Satanists have made their mark in the Illinois state capitol building, installing a so-called “holiday display” to commemorate their “satanic values” and exist in “harmony with other religions.”
This year’s exhibition borrows from biblical imagery and includes a crochet serpent wrapped around apples, with the snake’s head resting on an open book.
According to WFLD-TV, the display was created by The Satanic Temple, a “nontheistic” organization that sees the devil as a mere literary figure.
It’s meant to bring attention to controversies surrounding “banned books.” The text in the display is “On the Revolutions of the Heavenly Spheres” by Nicolaus Copernicus.
The Catholic Church banned Copernicus’ book for its contention the earth revolves around the sun — something science now definitively knows to be the case.
The Satanic Temple’s placement of the display in the capitol rotunda is the fourth time the organization has positioned a symbol of its theological creed next to the Christmas tree and traditional holiday decor.

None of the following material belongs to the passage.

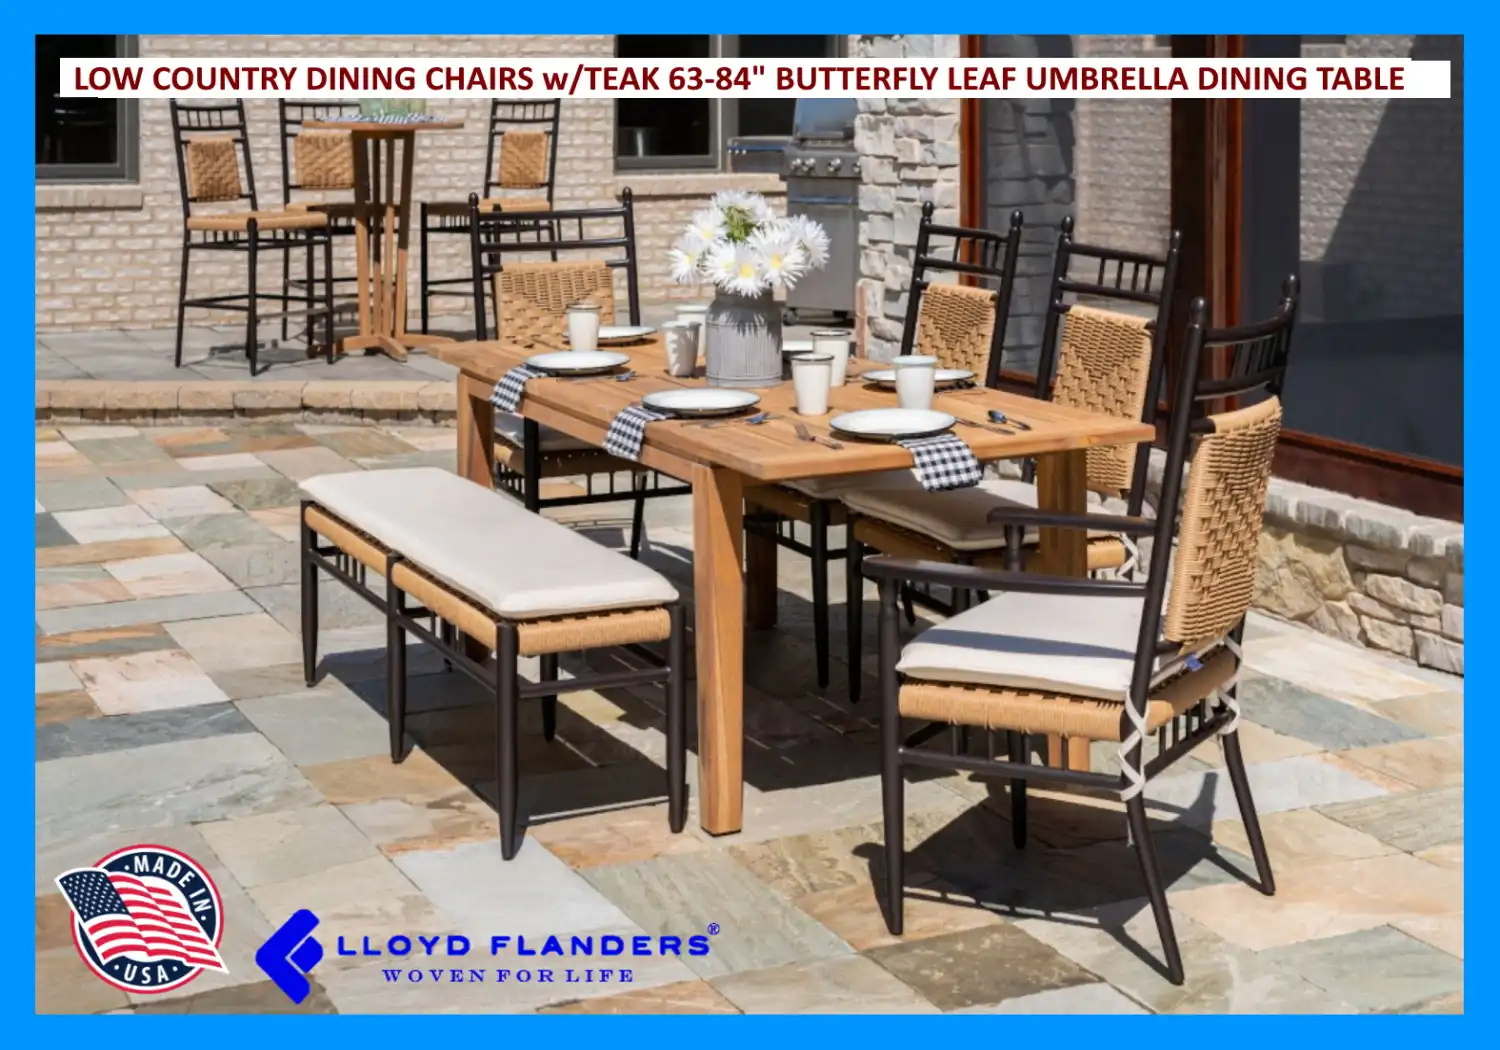 LOW COUNTRY DINING CHAIRS WITH TEAK 63"-84" BUTTERFLY LEAF UMBRELLA DINING TABLE
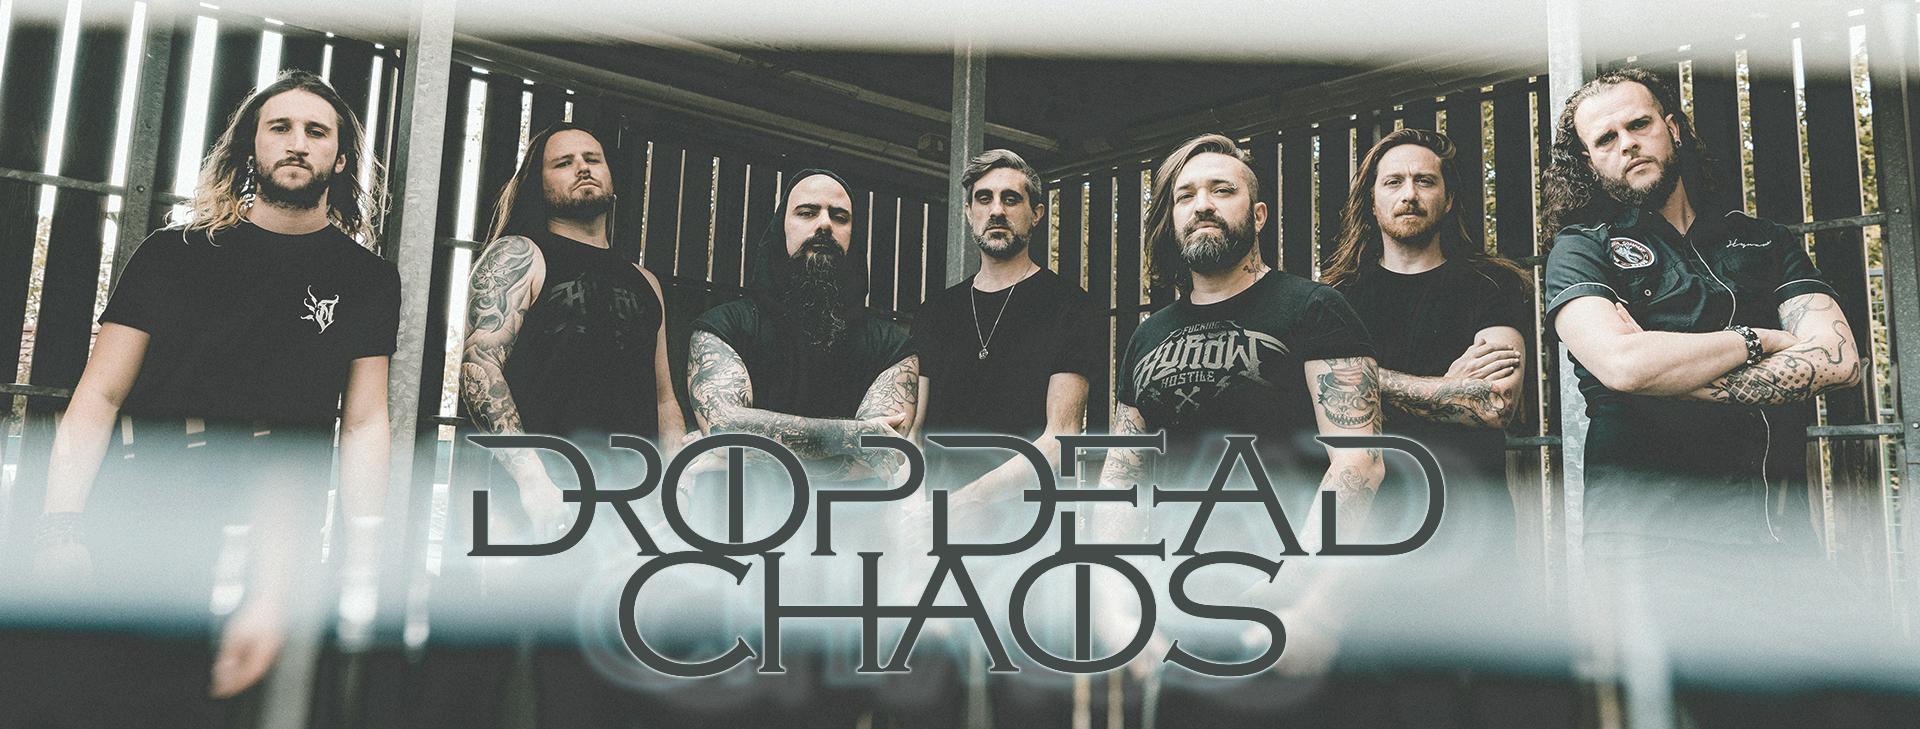 Dropdead chaos 2022

Some, though, have condemned the scene. Bishop Thomas Paprocki of the Roman Catholic Diocese in Springfield told WCIA-TV there is profound suffering for those who “worship Satan.”
“Christians look forward to eternal happiness with God in Heaven. Those who worship Satan are doomed to suffer the pains of hell with the Evil One and his minions forever,” he said. “People are free to choose. I pray for the conversion of sinners and their eternal salvation.”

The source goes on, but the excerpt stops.